As of December 31, 2024, the number of shares of common stock outstanding was 898,175,408, 902,771,081 as of December 31, 2023 and 903,865,763 as of December 31, 2022.
18.2     Preference shares
The 540,000,000 preference shares, when issued, will entitle a holder to full voting rights and to a preferential right to dividends and distributions upon liquidation.
The Company is a party to an option agreement regarding the preference shares with Stichting Continuïteit ST (the “Stichting”), entered into on January 22, 2007, with a duration of ten years, an agreement which was extended for additional ten years in October 2016. The Managing Board and Supervisory Board, along with the board of the Stichting, have declared that they are jointly of the opinion that the Stichting is independent of the Company. The option agreement provides for the issuance of up to a maximum 540,000,000 preference shares. Any such shares would be issued to the Stichting upon its request and in its sole discretion and upon payment of at least 25% of the par value of the preference shares to be issued. The shares would be issuable in the event of actions which the board of the Stichting determines would be contrary to the Company’s interests, shareholders and other stakeholders and which, in the event of a creeping acquisition or offer for the Company’s common shares, are not supported by the Company’s Managing Board and Supervisory Board. The preference shares may remain outstanding for no longer than two years. The effect of the preference shares may be to deter potential acquirers from effecting an unsolicited acquisition resulting in a change of control as well as to create a level-playing field in the event actions which are considered to be hostile by the Company’s Managing Board and Supervisory Board, as described above, occur and which the board of the Stichting determines to be contrary to the Company’s interests, shareholders and other stakeholders.

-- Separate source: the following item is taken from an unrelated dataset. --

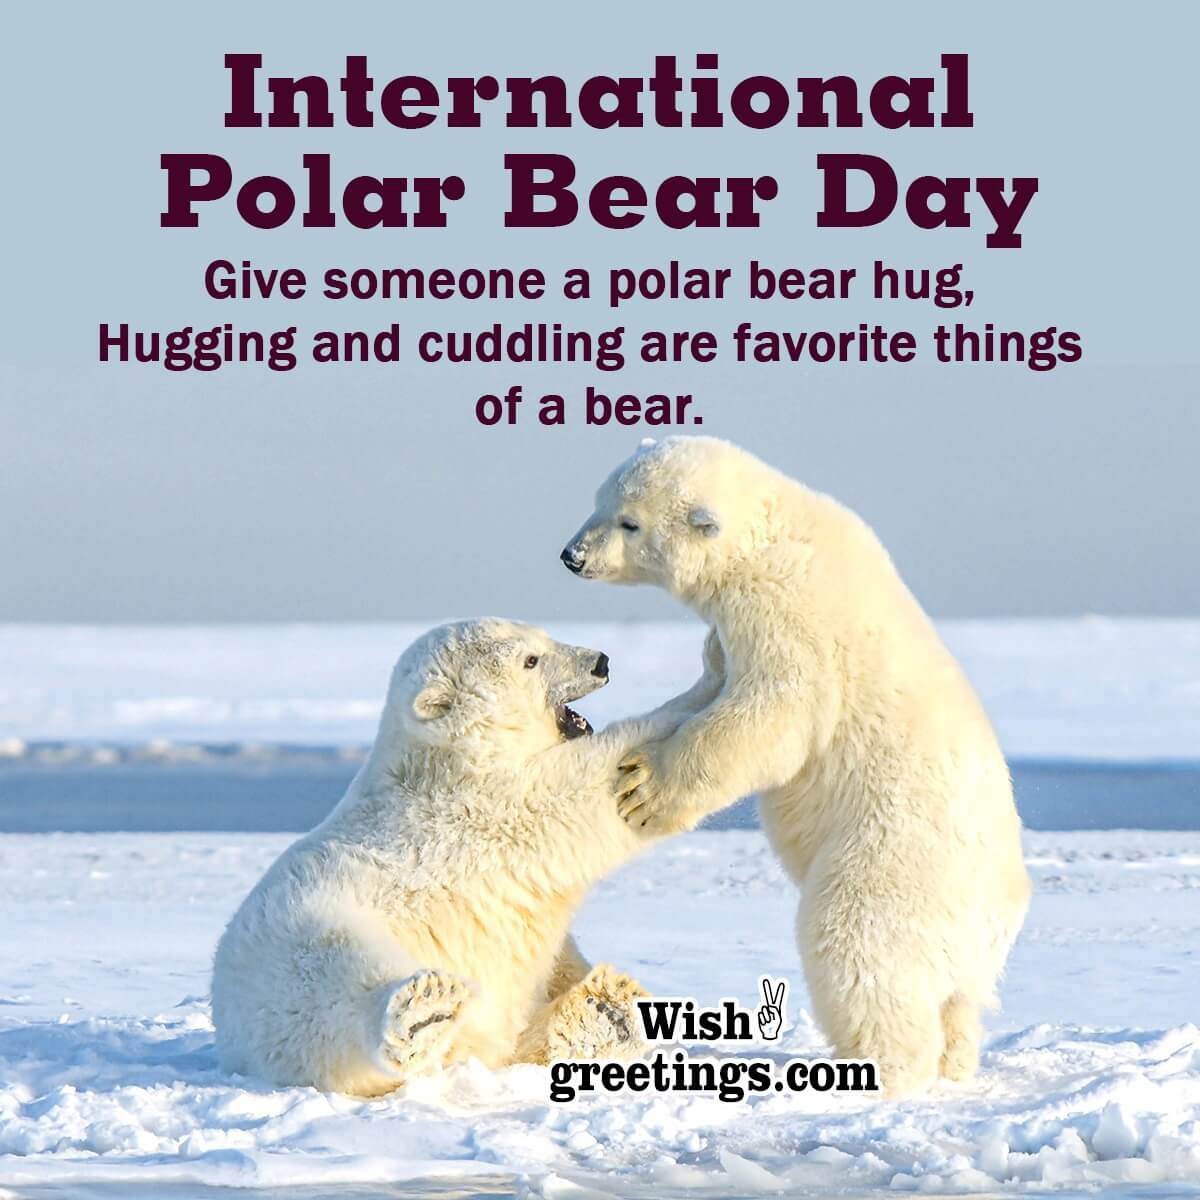 International Polar Bear Day Message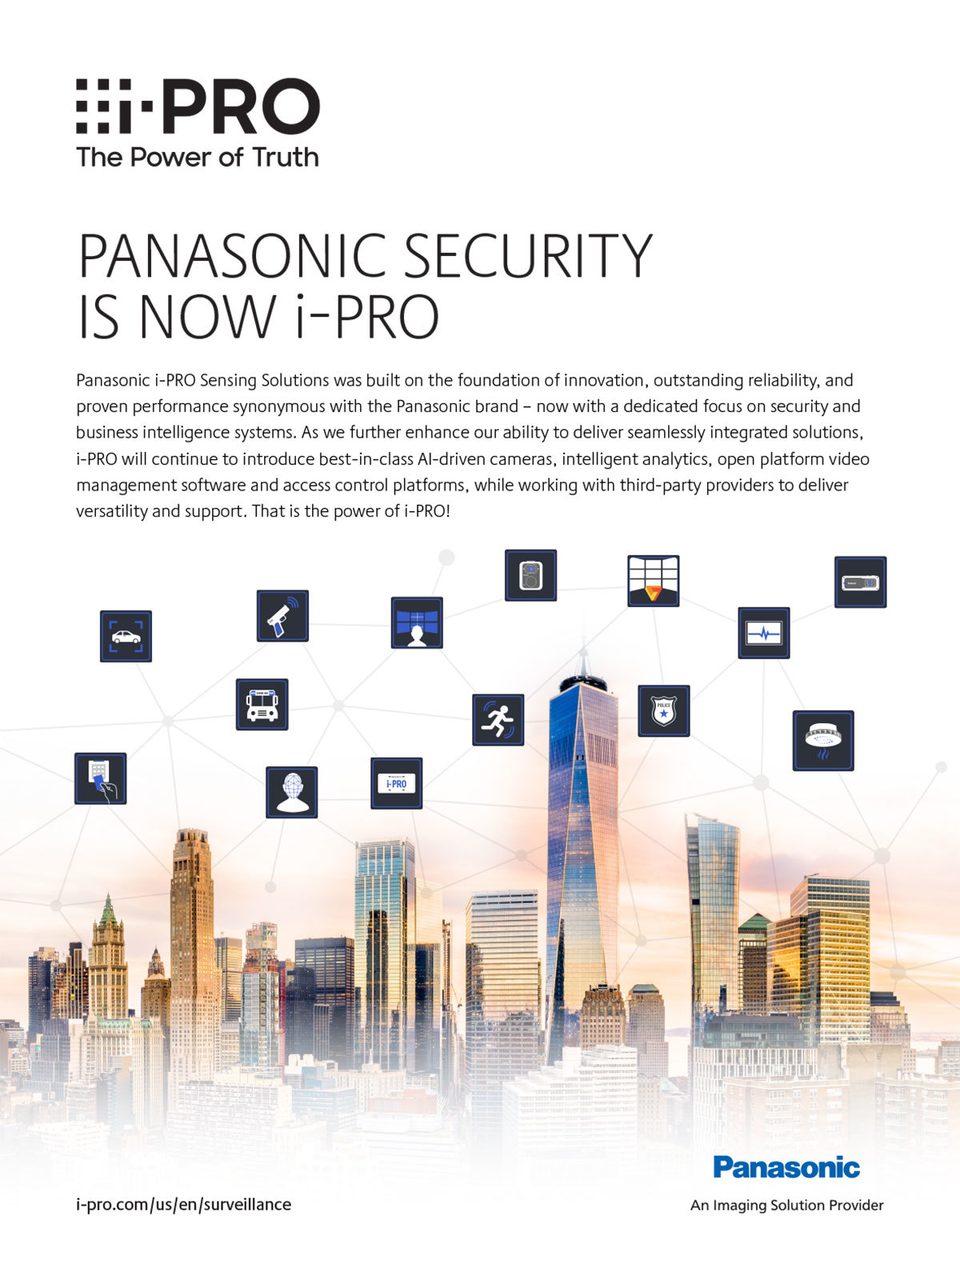 Panasonic advertisement

There were no preference shares issued as of December 31, 2024 and December 31, 2023.
18.3     Treasury stock
As of December 31, 2024, the Company owned 13,106,512 shares classified as treasury stock in the consolidated statement of equity compared to 8,510,839 shares as of December 31, 2023 and 7,416,157 shares as of December 31, 2022.
The treasury shares have been originally designated for allocation under the Company’s share-based remuneration programs. As of December 31, 2024, 86,565,271 of these treasury shares were transferred to employees under the Company’s share-based remuneration programs, of which 5,542,756 shares during the year ended December 31, 2024, 6,502,300 shares during the year ended December 31, 2023 and 6,587,002 shares during the year ended December 31, 2022.
On July 1, 2021, the Company announced the launch of a share buy-back program of up to $1,040 million to be executed within a three-year period. Under this share buy-back program, the Company purchased approximately 4.1 million shares of its outstanding common stock for a total of $175 million during the first half of 2024, from January until the program concluded in June. During 2023, the Company purchased approximately 7.6 million shares of its outstanding common stock for $346 million under this program. During 2022, the Company purchased approximately 9.2 million shares of its outstanding common stock for $346 million under this program.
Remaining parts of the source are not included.